The effects of incorporation are that the company starts exercising its powers as explained under S19 (5) where it can use its name to sue or to be. The company also acquires separate identity from that of its members that are recognized by law, that is, its existence and identity are legally separate from the owners as in the case of Salomon v A Salomon & Co Ltd of 1897. The significance of incorporation is that it confirms the legal existence of the company, the objective is lawful, and it overrides any irregularity that could have occurred during its formation.

Question 2

After incorporation, the company becomes a separate legal entity from its shareholders and hence subject to its obligations. If the company fails to pay debts, owners are only liable to the extent of the unpaid shares they hold with the company as in the rule of Salomon V. Salomon and Co. Ltd. 1897.  Directors are the agents of the company, and they should only act as on behalf of the company since it is an artificial person. B borrowed loan on behalf of the company and hence acted within the powers as a director and hence cannot be personally liable to pay back the loan held by the company since only acted as an agent. The bank should sue the company to pay its debts and should not sell the assets of B. The liquidation process to sell the company assets can be granted by the court for the company to recover its withstanding amount.

Question 3

The subsidiary is a company where the parent company acquires a majority of the ownership and control. Subsidiary in many cases is formed to help the company achieve the objectives of taxation, liabilities and regulation purposes. The company and subsidiary are separate legal persons where they enjoy separates rights and obligations. The veil of incorporation could be pierced by the Melvin limited and hence treat Bingo and its subsidiary as a merely formed to alter the contracts and ego of one another. The subsidiary acts as an agent, and there brings the fact of agency relationship where the veil of incorporation could be lifted and treat the companies as one.

Question 4

Rodgers as a creditor of Bland Pte Ltd cannot recover his debts from Ace Pte. Ltd since both companies are separate legal entities that are liable for their individual debts. The directors have the fiduciary duties to act in the best interests of the company. Paying the Bland’s creditors from Ace funds would account for the breaking of fiduciary duty to the Ace Pte  Ltd. For the creditor to recover the debt from Ruff and Reddy, the veil of incorporation needs to be lifted as per the outlined rules by the statutes and the common law which involve the existence of fraudulent transactions. The failure of the Bland Pte Ltd was not as a result of the fraudulent transaction, and hence, the directors could not be held personally responsible for the company’s debts.

Question 5

Ace Ltd entered into a contract of employment with Z with a restraining clause of not to engage in any business that was competing with Ace Ltd. Z broke the contract and joined Modern Electronics Pte. Ltd. Ace Ltd cannot enforce the restraint of trade clause against Modern Electronics Pte. Ltd since it is a separate legal entity with Z. Modern Electronics Pte. Ltd can only sue or be sued for its rights and obligations, but not for the obligations of its members.

Question 6

  • Can B Pte. Ltd cannot hold any shares in A Ltd. In company law, a company should not hold any shares of its holding company either by the nominee or by itself.
  • A Ltd. and B Pte. Ltd are related companies since they have met the conditions that are necessary for the relationship to exist as explained in section 6 of the Companies Act. A is a holding company of B company, and hence, B is a subsidiary corporation of Company A making them related.
  • In what circumstances is it necessary to determine the existence of a holding company-subsidiary relationship?
  • Under S 5 of the companies Act Cap 50 indicates that for a company to be deemed as a subsidiary of another corporation, the holding company must control the composition of the BOD of the subsidiary. The holding company must have control of more than half of the voting rights of a subsidiary.

Question 7

Tan Lin Tze would benefit from having his business be run via other company because he would use the already established company name. He would also benefit from already established brand loyalty and hence would not require a lot of effort to penetrate the market. The establishing costs would also be substantially minimal as compared to the start up costs of forming a new company.

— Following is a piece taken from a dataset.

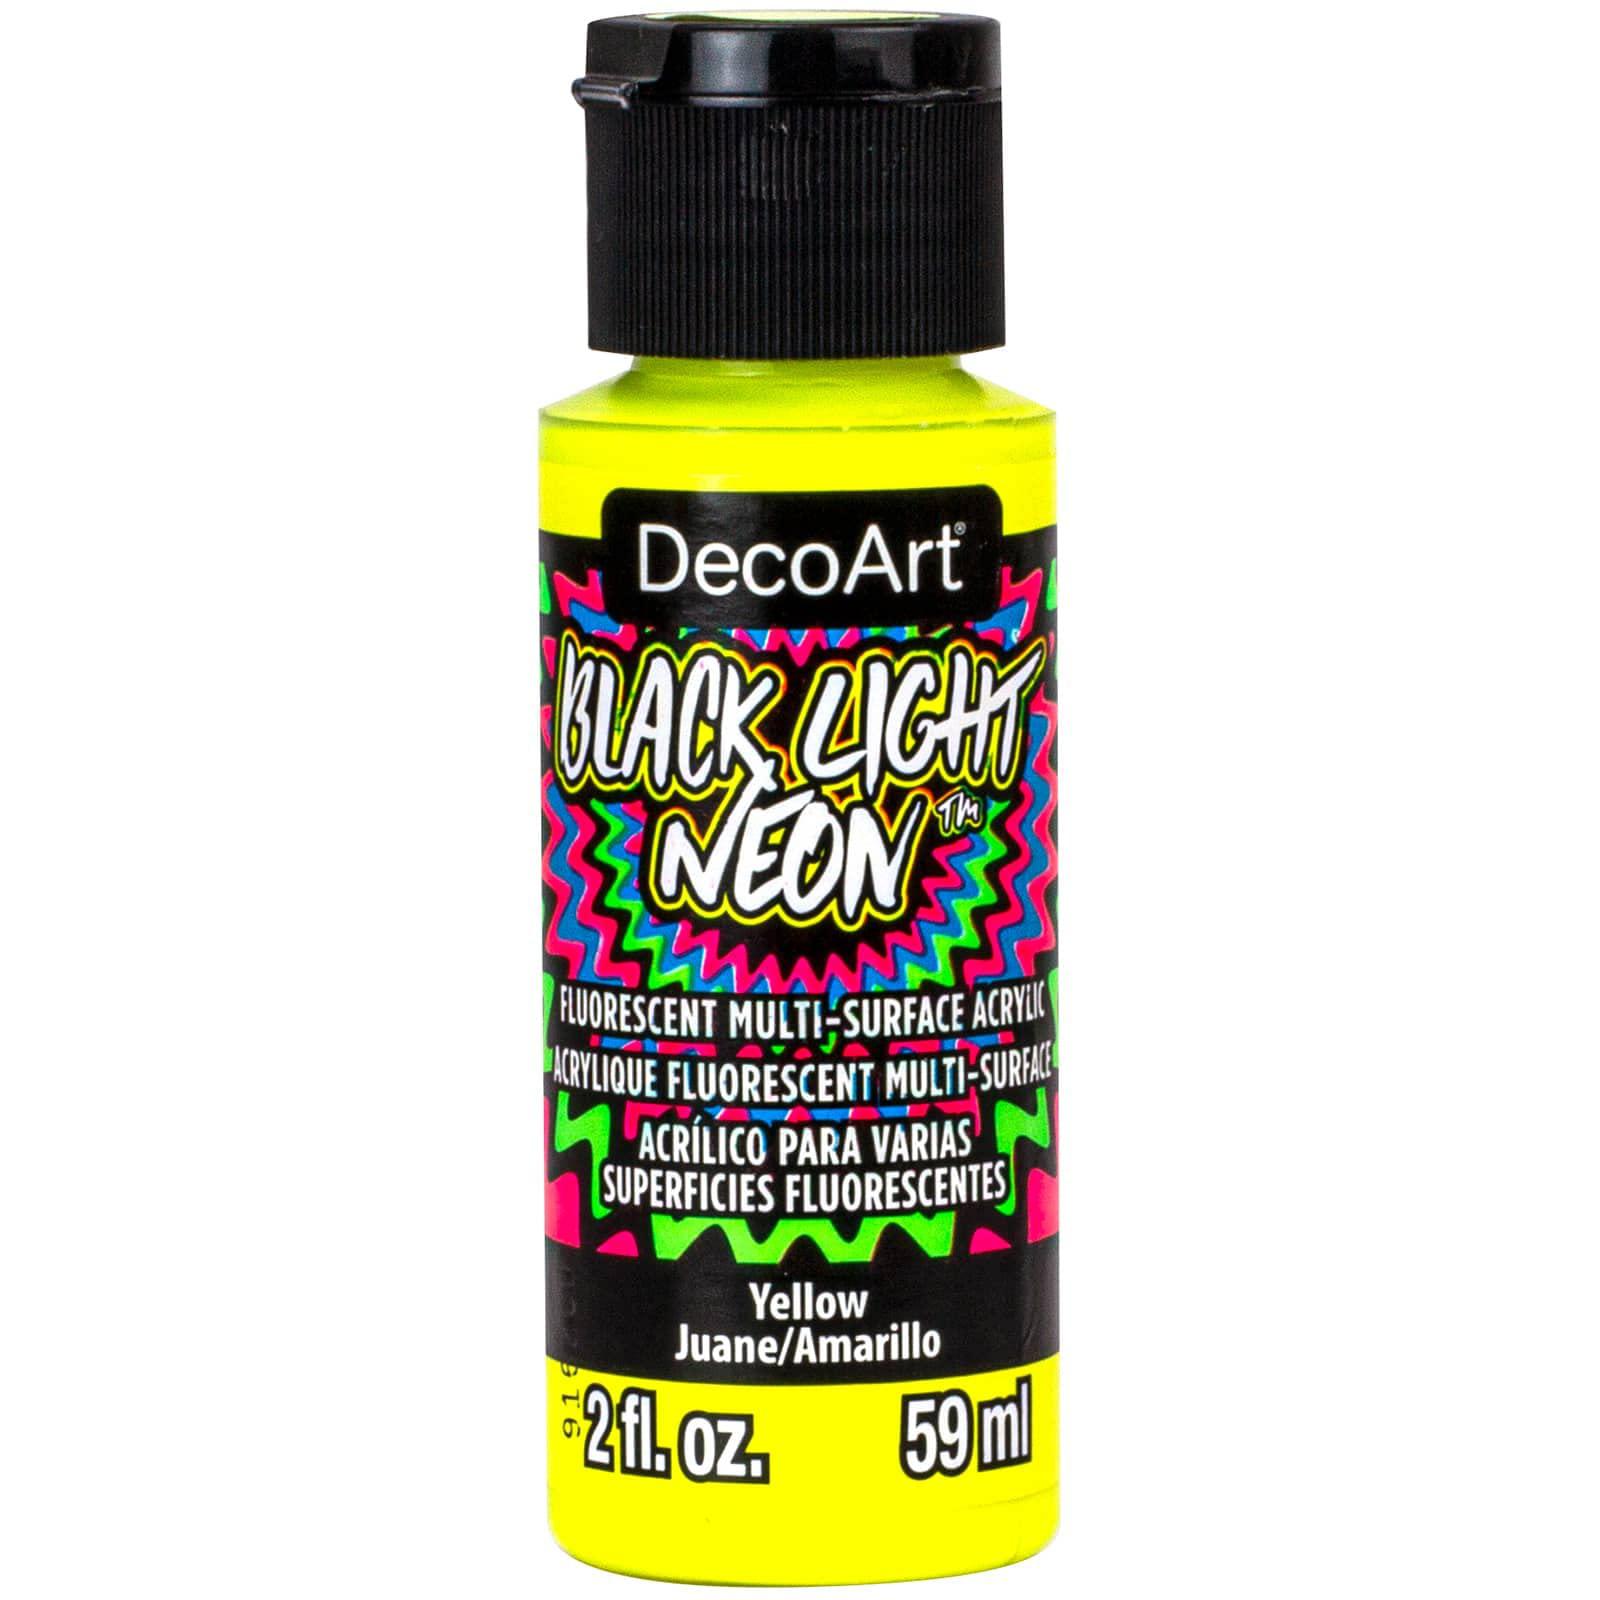 Deco Art 12 pack: decoart black light neon fluorescent multi-surface acrylic paint, 2oz.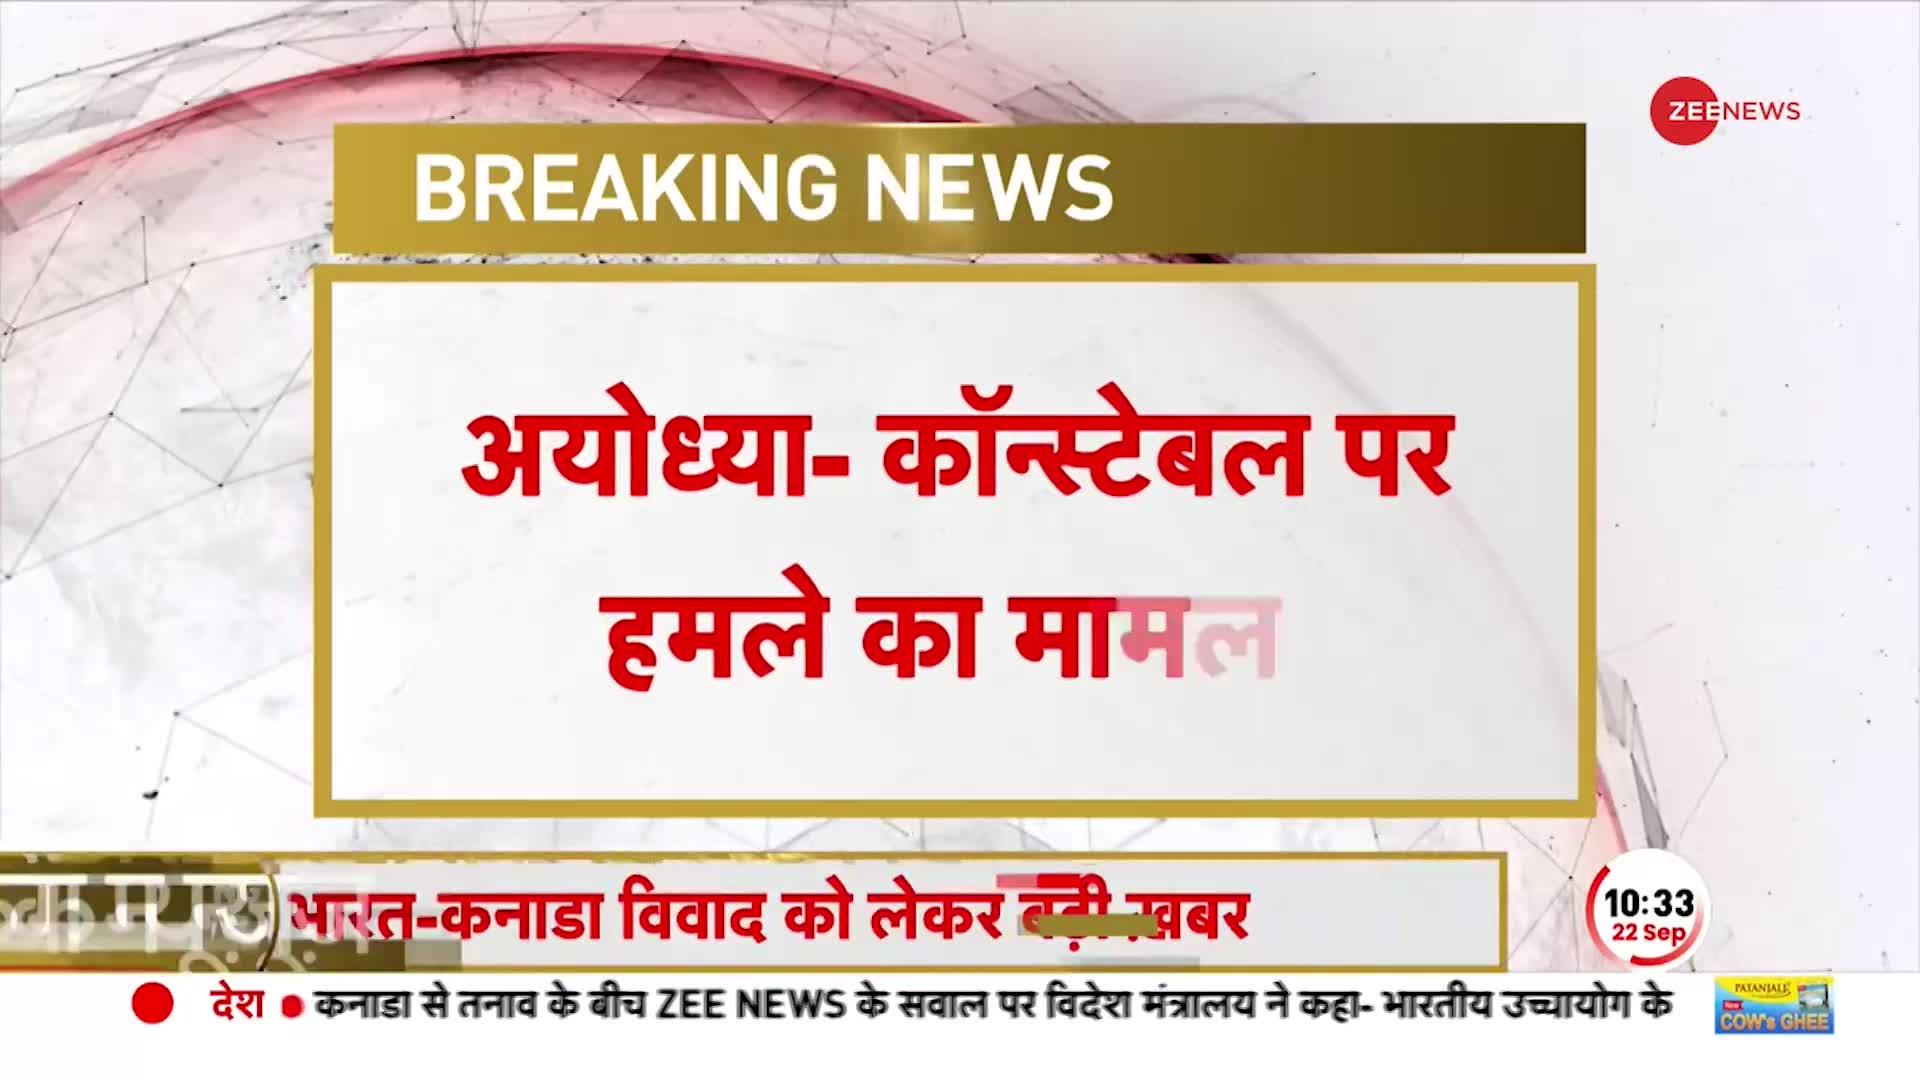 Ayodhya Breaking News: महिला कॉन्स्टेबल पर हमला... आरोपी का 'ENCOUNTER'

Although after choosing the sole proprietorship structure would not separate his business liability and personal liability, it would be the best structure for him to operate. The reason being that corporate structure in a small business do not in many times protect personal assets from business liability especially about contracts executed by the owner. Contracts would be requiring the owner to personally guarantee performance as a way of carrying out business. This is particularly true for the franchise business where the owner would lease the site to the franchise business and contracts entered with the major suppliers of the franchise.

Question 8

The member can enforce his claim since the director is acting against the rules set by the article of the association. According to the article, the share shall be offered to the existing members to the proportion of their shares currently held. The directors are given powers to compel shares and transfer them to a member or members as per their nomination. The directors are hence not allowed to transfer the shares to the non-member entity or person.

After the termination of the contract before the end of a contractual term, Harris is entitled to sue the company. He is also entitled to the full benefits of the term of contracts unless dismissed due to the negligence of the duties assigned.

In the event where the shares were to be valued, the article has suggested that the price should be determined by an independent valuation. If the valuation were at the discretion of directors, any member should institute an action against the directors’ move for the breach of their fiduciary role.

Question 9

Directors are the agents of the company, and they should act in the good interest of the company. If the powers given by the company is exceeded the company would be acting ultra vires and hence the contract would be null and avoid. X should avoid enforcing such contracts since any loss cannot be claimed in the court of law since the contract was above the powers of the company and hence null and void.

Question 10

If during the general meeting the resolution was passed in the absence of a quorum, the resolution is null and do not constitute a part of the business transaction. In a general meeting, a quorum is constituted by the presence of a minimum of one qualifying member. A qualifying person in a meeting includes a member of the company, an authorized individual to be a representative of the corporation at a meeting and a proxy which could be appointed by a member in relation to the meeting.

Question 11

The contract entered between X and Hartford Pte Ltd was null and void since A was not the company’s managing director as claimed by the directors. As a result, X cannot reinforce action against the company since A did not act on behalf of the company. X can only claim the outstanding amount from A who acted to misrepresent X and hence the contract is based on misrepresentation and as a result not valid.

Question 12

Directors of Precision Engineering Pte Ltd cannot enforce payment under the contract since the contract is based on misrepresentation. E was not the Daytone Company director and hence did not have the capacity to act on its behalf terming the contract unenforceable.

Question 13

Albert Ltd is bound by the guarantee because as a separate legal entity with a common seal can enter into a contract in its name. The common seal of Albert was affixed on the documents and signed by the director and company secretary.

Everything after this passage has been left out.